Проходя мимо них, я периодически слушал обрывки их разговоров. Например:
Валентина-Портос, очень громко, даже, можно сказать, оглушительно-гулко в утреннем январском лесу:
– А я вот, девочки, гречу люблю лучше с молоком…
Карасиха-Д’Артаньян, очень быстро перебегая с правого фланга на левый:
– И с сахаром, да? Да, Валентина, с сахаром?!
Портос-Валентина:
– Зачем же, Карасиха, с сахаром? На кой мне кошкин ляд диабет-то? Диабет мне, девочки, ни в каком ракурсе не нужен…
Арамис-Сашенька, язвительно-меланхолически:
– А с чем же, Валентина? С вареньем, что ли?

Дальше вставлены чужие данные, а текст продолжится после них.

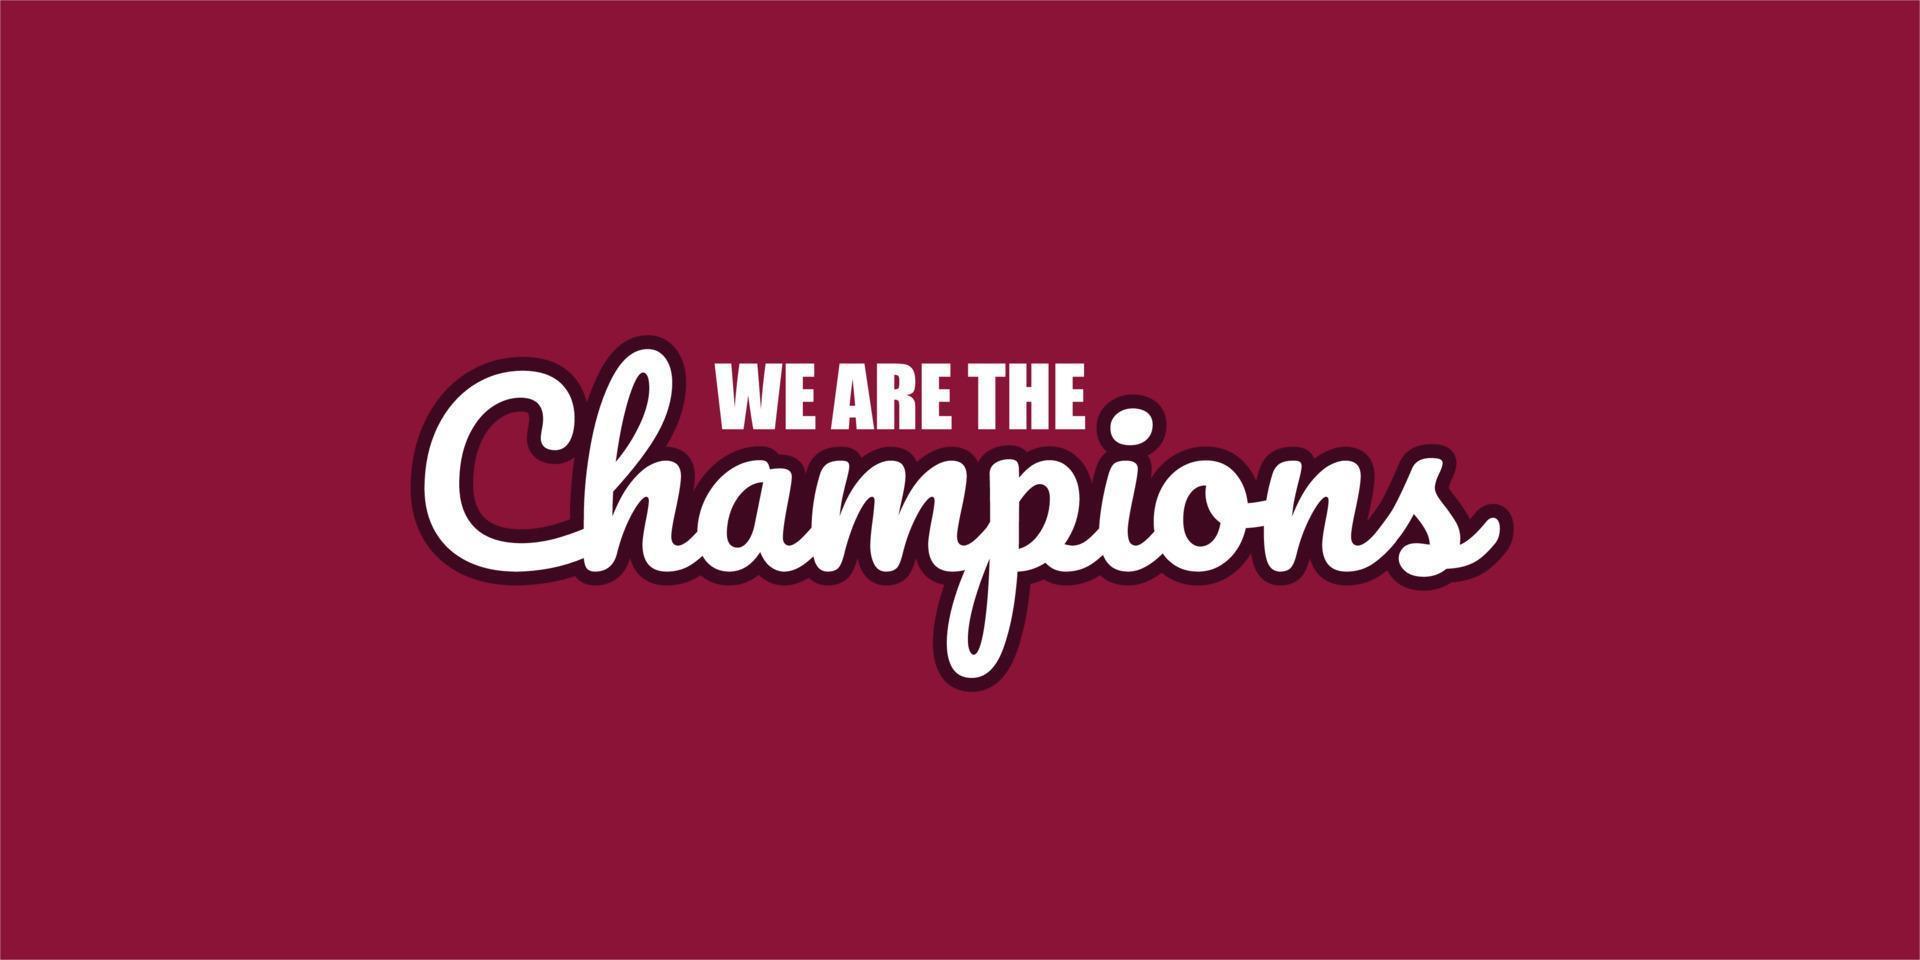 we are the champion typography design tee for t shirt,vector illustration vector

Атос-Гавриловна, тихо и веско:
– Варенье, Сашенька, это тоже диабет.
Карасиха-Д’Артаньян, перебегая с левого фланга на правый:
– Правильно, Гавриловна!
Валентина-Портос:
– А я ее с медком, с медком, родную, с липовым, с башкирским. Я себе давеча закупила на ярмарке меда литр. Теперь вот все поголовно с медком употребляю…
Д’Артаньян-Карасиха:
– Браво, Валентина! Я тоже все предпочитаю с медком!
Сашенька-Арамис, с тонкой саркастической улыбкой:
– И харчо тоже с медком?
Портос-Валентина:
– Зачем харчо с медком? Харчо надо с морской солью.
Гавриловна-Атос:
– Морская соль – это йод. А йод, девочки, это очень хорошо для щитовидки.
– Браво, Гавриловна! А рис ты с чем, Валентина, вкушаешь?
– С шафраном, девочки.
– Шафран – это марганец, железо, калий и витамин С.
– Браво!
– А чай тоже с шафраном?
– Нет, зачем? Чай с медком.
– Чего-то, я гляжу, ты, мать моя, на медке совсем помешалась…
– Так литр же его, антихриста! Надо осваивать.
– Браво!
– А не прорвет тебя сладкой жижей от медка-то?
– Да и пущай прорвет. Все кишкам веселее.
– Браво!
– А я, девочки, грибочки люблю в форме супа. Грибной супчик – ух!..
– С медком?
– Да ну тебя, непотребу! Супчик грибной – он к сметанке льнет. Со сметанкой им нужно пользоваться.
– Сметана, она жирная. Сплошной холестерин.
– А я с нежирной. Десять процентов – и шабаш холестерину!
– Браво!
– А сметанку можно в грибочки и с медком…
– Вот сатана липучая… Заладила, как реклама.
– Сметанка – она к оладьям…
– А туда еще и медку до кучи…
– Тьфу ты!.. Заколдырила про медок, что попадья про Пасху!
– А по мне, так лучше картошечки наварить…
– Ага, и с шафраном ее, медком и сметанкой…
– О Господи! Сгинь ты, лярва антисоветская!
– Нет, девчонки, картошечка вареная со сметанкой – это очень даже грамотно.
– Сметанка тут, товарищи, конечно, годится. Но лучше с лучком и селедочкой.
– Атлантической.
– С килечкой лучше.
– Килька мелкая, сломаешь глаза ее чистить-то.
– А я ее и не чищу.
– Как это?
– Очень даже просто. Сожрала целиком – и в дамках. А там пусть кишки думают.
– Браво!
– Вот акула!
– Только все это обязательно с лучком.
– Репчатым?
– Нет, лучше зеленый мелко постругать.
– И с медком…
– Убью, пенсионерка!..
– Браво!
И так далее.
В одно из последних наших, так сказать, утр я опять увидел моих бабушек. Но застал только самый конец их беседы:
– Нет-нет, подружечки, в борщ томат-паста обязательно нужна.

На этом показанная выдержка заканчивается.